One was mentioned in #5141 and the other in #3757.

This is one could be more general, timeout for the similar type of large amount of clusters.

Both performance (distributing and keeping 40 copies of workload in cluster informers can be expensive) and practical (trying all 40 clusters at the very same time can lead to lots of unnecessary preemptions).

This one should be more granular, probably on the worker level, different clusters but not many of them.

To prioritize the use of some clusters over others. For example a user may have one cluster with reservations, and one auto-scaled. The user prefers to first try the reservation cluster, and only as a fallback try autoscaling.

keps/693-multikueue/README.md

mimowo · 2025-05-29T11:24:11Z

Let's start with KEP update for this.
/retitle MultiKueue KEP update to introduce MultiKueue Dispatcher API

/release-note-edit

NONE

keps/693-multikueue/README.md

mimowo · 2025-06-27T19:54:51Z

LGTM. I 'm not tagging yet to give @tenzen-y a chance for more comments, and think more about spec vs status thread.

Co-authored-by: Michał Woźniak <[email protected]>

mimowo · 2025-07-01T10:25:49Z

/lgtm
/assign @tenzen-y
for an extra pair of eyes

k8s-ci-robot · 2025-07-01T10:25:56Z

LGTM label has been added.

Git tree hash: 7144aa04b32bba71948a58634c6b96be2f39395e

vladikkuzn · 2025-07-02T23:03:07Z

/assign

mimowo · 2025-07-09T06:34:59Z

@vladikkuzn @mszadkow please address the remaining comment: #5410 (comment)

mimowo · 2025-07-10T13:12:41Z

/lgtm
/approve
Leaving final approval to @tenzen-y
/hold

k8s-ci-robot · 2025-07-10T13:12:48Z

LGTM label has been added.

Git tree hash: ba769afe78d955aebd28fd202bdb634bc6d27a2f

k8s-ci-robot · 2025-07-10T13:12:53Z

[APPROVALNOTIFIER] This PR is APPROVED

This pull-request has been approved by: mimowo, mszadkow

The full list of commands accepted by this bot can be found here.

The pull request process is described here

Needs approval from an approver in each of these files:

~~OWNERS~~ [mimowo]

Approvers can indicate their approval by writing /approve in a comment
Approvers can cancel approval by writing /approve cancel in a comment

tenzen-y

Thank you for proceeding.

keps/693-multikueue/README.md

tenzen-y · 2025-07-10T15:15:14Z

keps/693-multikueue/README.md

+and 3 additional clusters are nominated, until the workload is admitted or all eligible clusters have been considered.
+This strategy allows for a controlled and gradual expansion of candidate clusters, rather than dispatching the workload to all clusters at once.


What if the .spec.nominatedClusterNames after all eligible clusters have been considered?
Is the field reset to empty?

If yes, it would be better to mention it here.

I would give ownership to the field to the dispatcher to decide when to reset etc.

Here, the dispatcher is implemented by upstream Kueue, right?
IIUC, AllAtOnce and Incremental are implemented by upstream Kueue.

We can have both external dispatchers, and built-in.

This description is for Incremental.
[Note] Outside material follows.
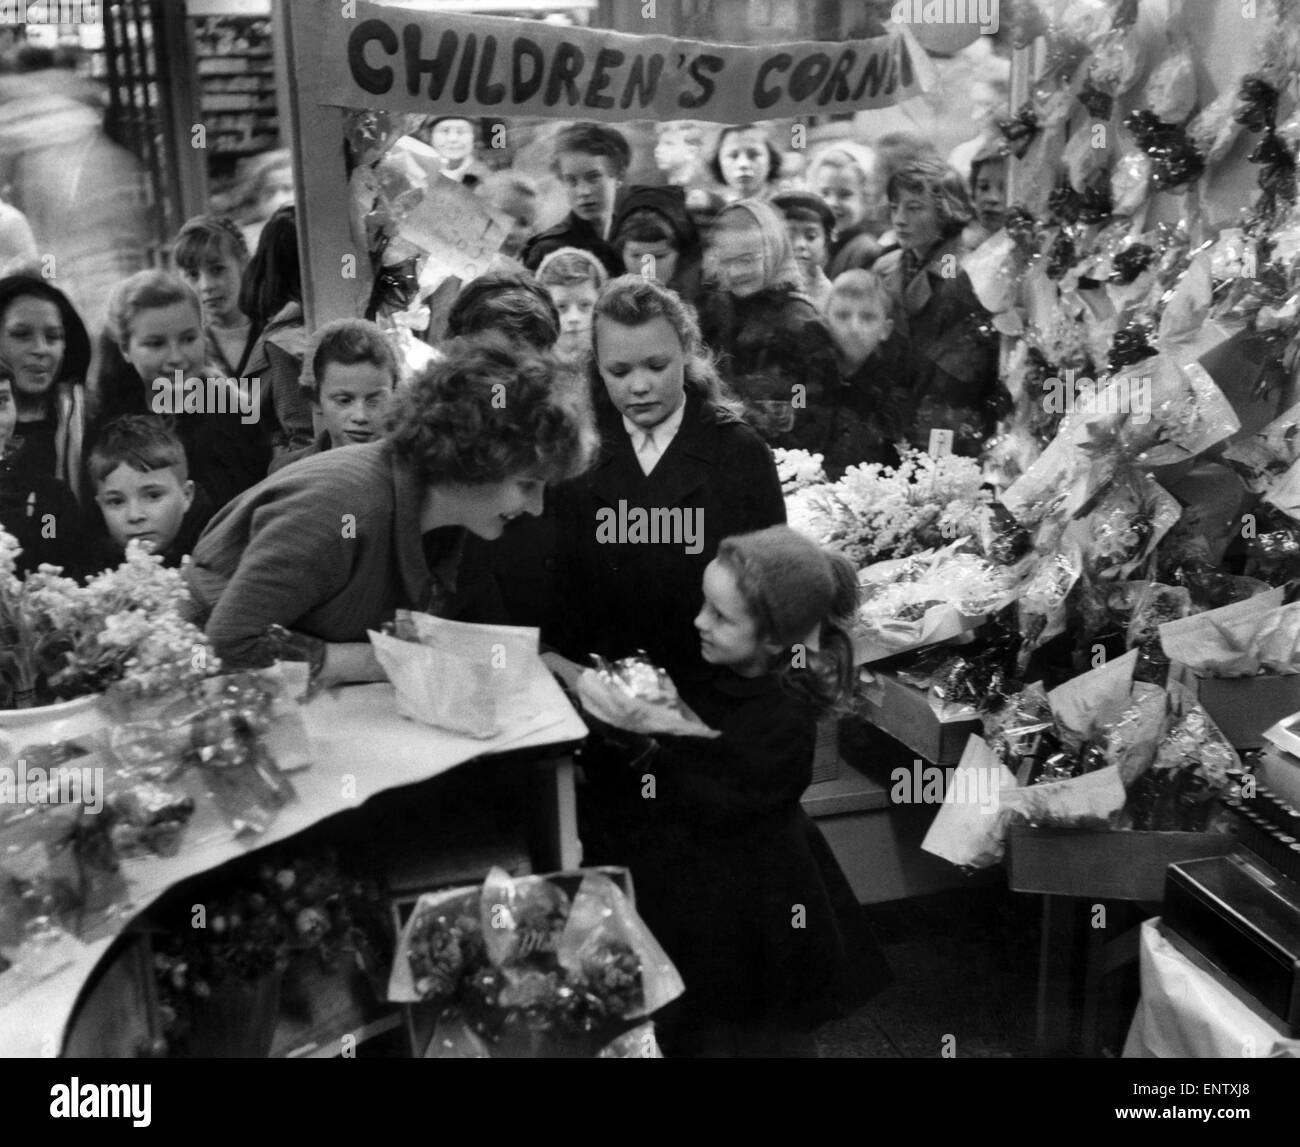 Une foule d'enfants à acheter leur décrochage fleuristes fleur pour le maternage dimanche. 7 mars 1959 Banque D'Images

So, the dispatcher is upstream one, IIUC.
My question is about the upstream Incremental dispatcher.

As i discussed with Marcin, in the future, hopefully 0.14 we will add parametrizing dispatcher. Then we could have a boolean flag indicating if the dispatcher should auto reject or not.

IIUC they do not get rejected, they stay nominated for admission from point of view of this feature.
Do you want to set the rejection state after another round has expired?

Oh, I see. Thank you for the good call. Could you mention in this proposal about what if the workload could not be scheduled to all clusters in the Incremental dispatcher? Is it just record cluster assignment error in the controller-manager logs?

Good question. I think this would be a sensible extension, but I wouldnt say it is necessary in first iteration. Note that we dont reject the workload until 0.12 with the built in dispatcher.

wdyt @tenzen-y?

I'm ok without Reject state for now.

moved to status, also I checked CEL validation was possible

As i discussed with Marcin, in the future, hopefully 0.14 we will add parametrizing dispatcher. Then we could have a boolean flag indicating if the dispatcher should auto reject or not.

Could you describe what is "parametrizing dispatcher"? Here, what is parameter?

moved to status, also I checked CEL validation was possible

I still think that the nominatedClusterNames should be spec. Please follow #5410 (comment).

keps/693-multikueue/README.md

* .status.clusterName ; .spec.nominatedClusterNames

k8s-ci-robot · 2025-07-10T19:16:29Z

New changes are detected. LGTM label has been removed.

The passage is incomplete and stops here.